Imagine that you want to help your company's customers to buy products at a cheaper price. In order to do so, you decide to first collect product data from Amazon.com and Google Shopping, and then integrate the data together. Since the same product may have different representations in the two websites, you are facing an ER problem.
Existing ER techniques can be broadly divided into two categories: similarity-based and learning-based. In Part 1, you will be instructed to implement a similarity-based method. Later, in Part 2, you will find out how a learning-based technique should work.
Unlike a learning-based technique, a similarity-based technique (a.k.a similarity join) does not need any label data. It first chooses a similarity function and a threshold, and then returns the record pairs whose similarity values are above the threshold. These returned record pairs are thought of as matching pairs, i.e., referring to the same real-world entity.
Depending on particular applications, you may need to choose different similarity functions. In this assignment, we will use Jaccard similarity, i.e., $\textsf{Jaccard}(r, s) = \big|\frac{r~\cap~s}{r~\cup~s}\big|$. Here is the formal definition of this problem.
Jaccard-Similarity Join: Given two DataFrames, R and S, and a threshold $\theta \in (0, 1]$, the jaccard-similarity join problem aims to find all record pairs $(r,~s) \in R \times S$ such that $\textsf{Jaccard}(r, s) \geq \theta$
In order to implement similarity join, you need to address the following challenges:
Jaccard is used to quantify the similarity between two sets instead of two records. You need to convert each record to a set.
A naive implementation of similarity join is to compute Jaccard for all $|R \times S|$ possible pairs. Imagine R and S have one million records. This requires to do 10^12 pair comparisons, which is extremely expensive. Thus, you need to know how to avoid n^2 comparisons.
The output of ER is a set of matching pairs, where each pair is considered as referring to the same real-world entity. You need to know how to evaluate the quality of an ER result.
Next, you will be guided to complete four tasks.

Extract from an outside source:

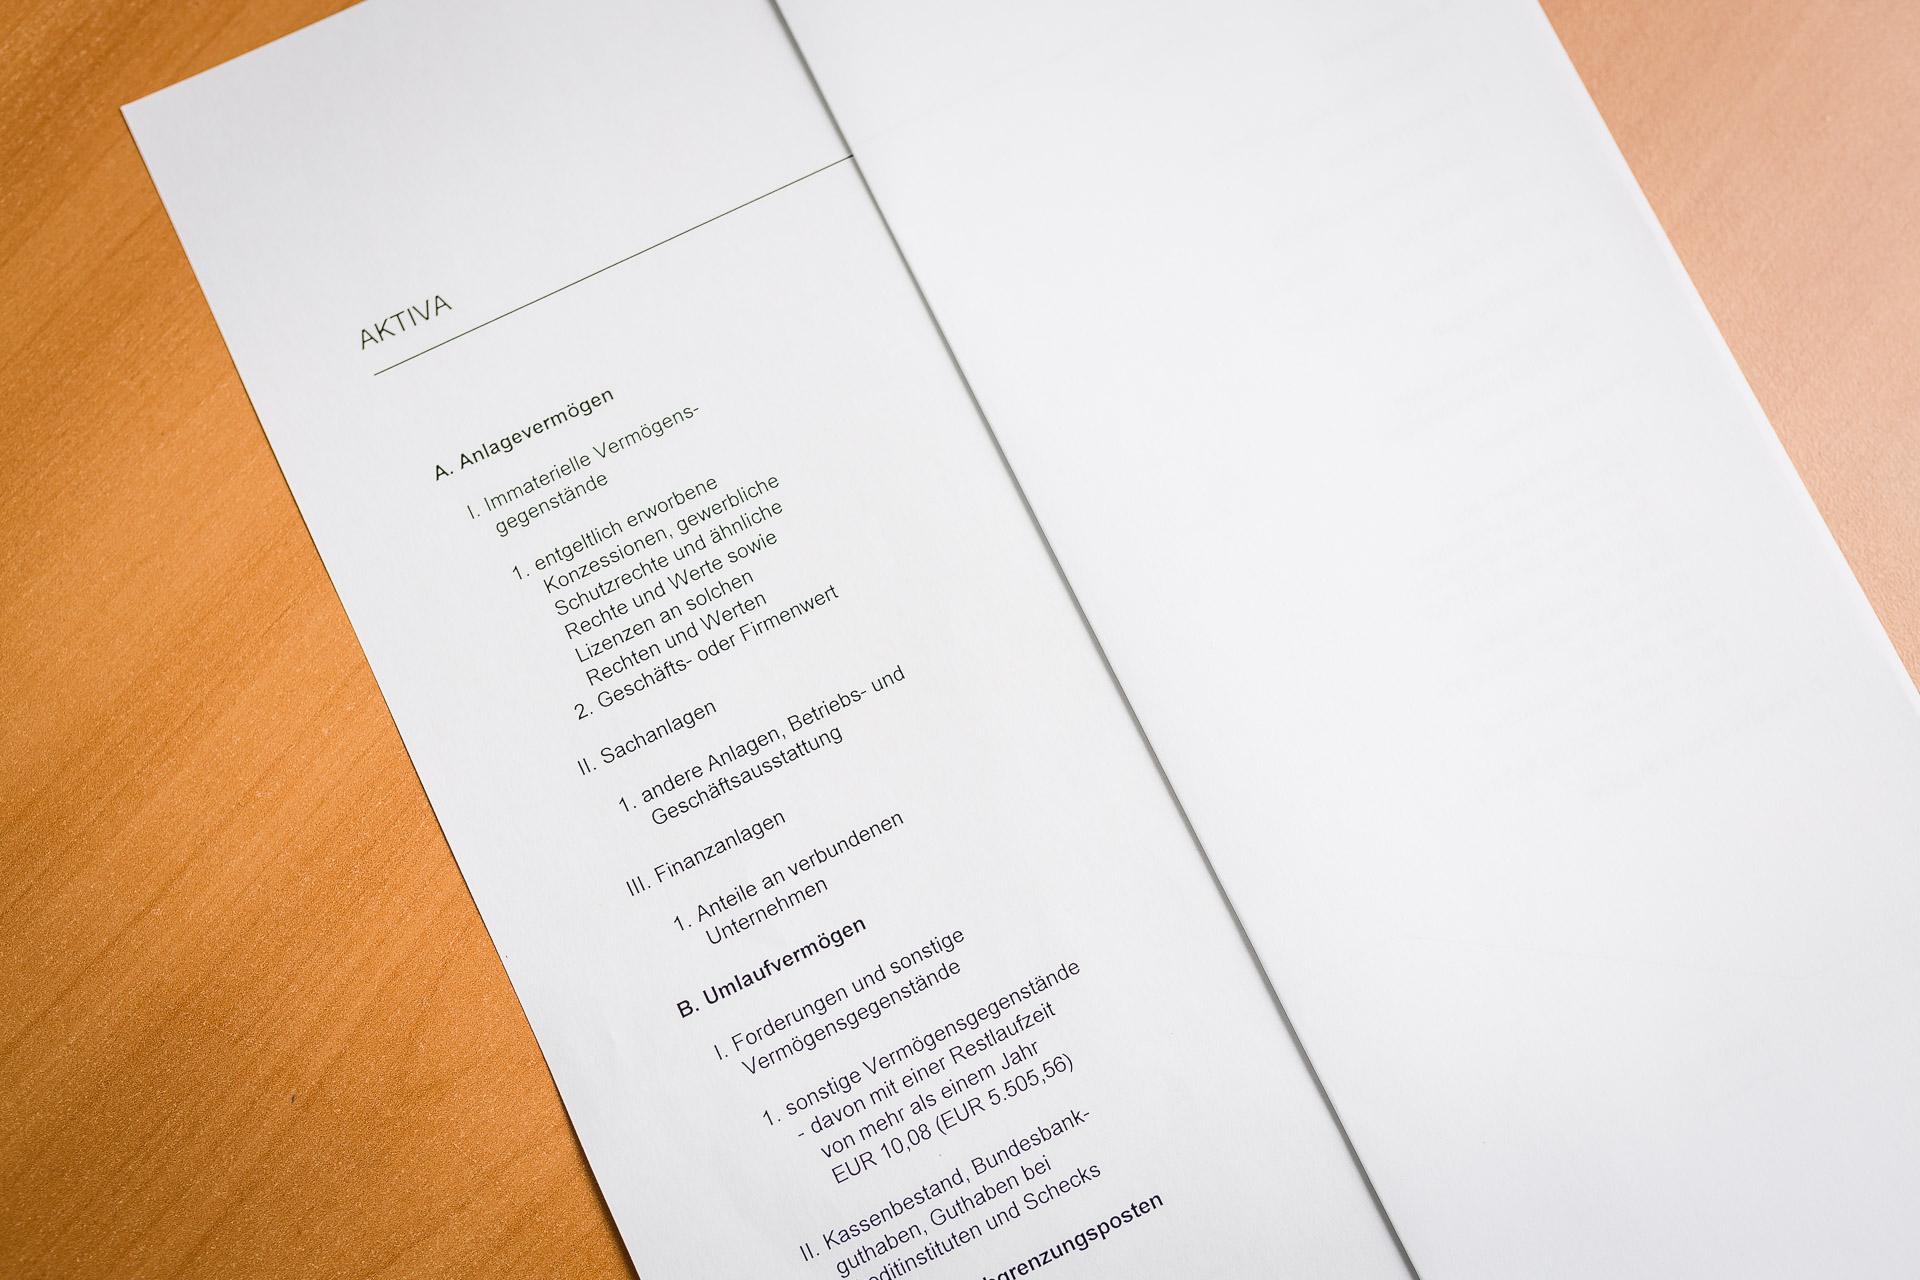 Jahresabschluss erstellt von der Steuerkanzlei Buchholz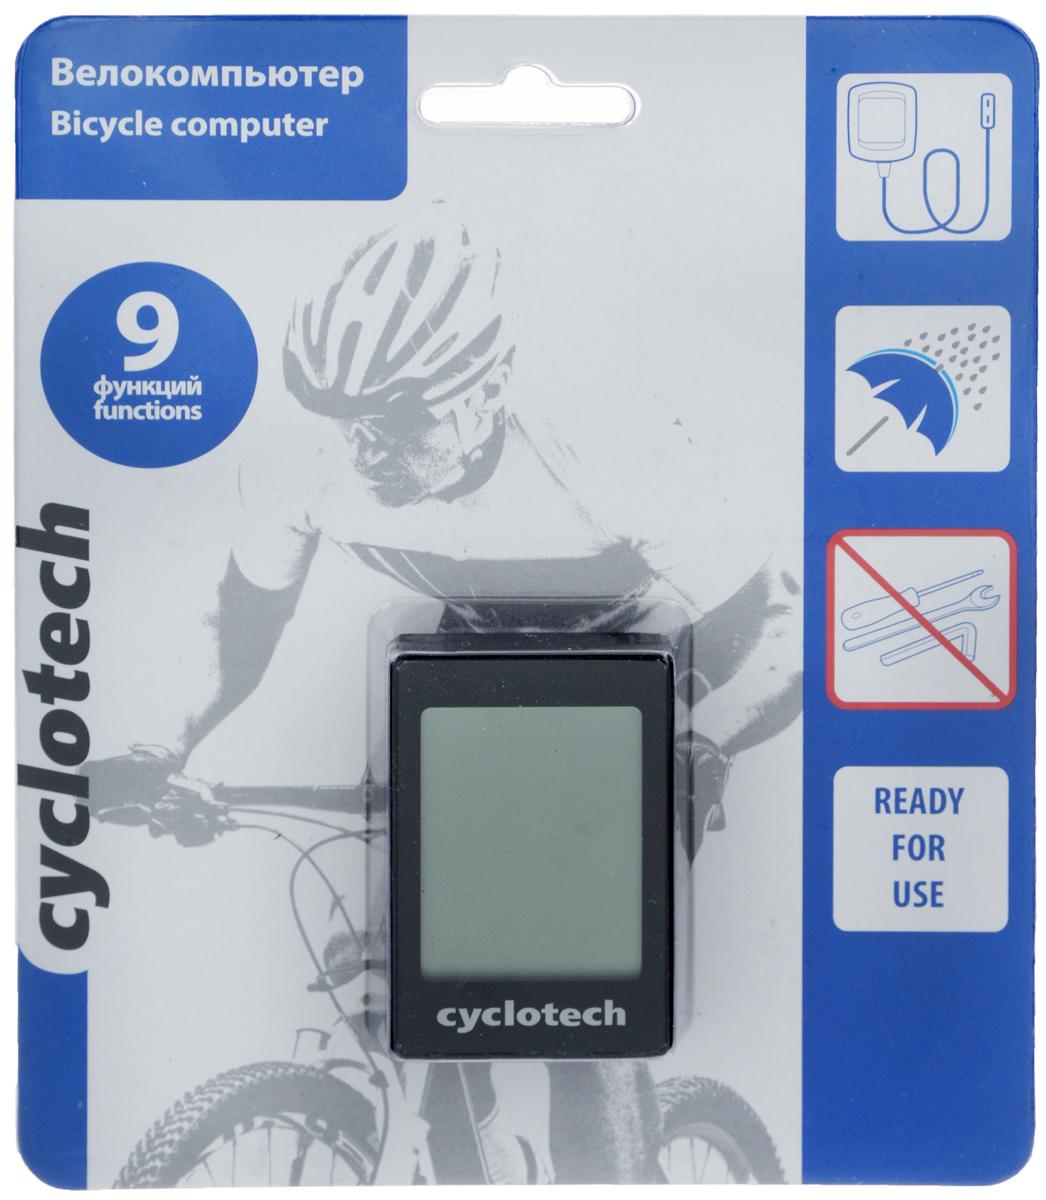 Велокомпьютер Cyclotech, 9 функцийCBC-I9BLNПроводной велокомпьютер Cyclotech оснащен девятью функциями и предназначен для использования при занятиях велоспортом. Это удобный и простой в использовании электронный прибор, предоставляющий велосипедисту всю необходимую информацию о поездке. Велокомпьютер крепится на руле с возможностью мгновенно отсоединить его, когда нет желания оставлять на велосипеде без присмотра или под дождем. Функции: сравнение скоростей; текущий пробег; задание дистанций; память на два велосипеда; время в пути; часы; режим энергосбережения; автоматический старт измерений; возможность конвертации из миль в километры и обратно.

After finishing these tasks, I suggest you going over the above challenges again, and understand how they are addressed.
Read the code first, and then implement the remaining four functions: preprocessDF, filtering, verification, and evaluate by doing Tasks A-D, respectively.
# entity_resolution.py
import re
import operator
from pyspark.sql import SQLContext
sqlCt = SQLContext(sc)
class EntityResolution:
def __init__(self, dataFile1, dataFile2, stopWordsFile):
self.f = open(stopWordsFile, "r")
self.stopWords = set(self.f.read().split("\n"))
self.stopWordsBC = sc.broadcast(self.stopWords).value
self.df1 = sqlCt.read.parquet(dataFile1).cache()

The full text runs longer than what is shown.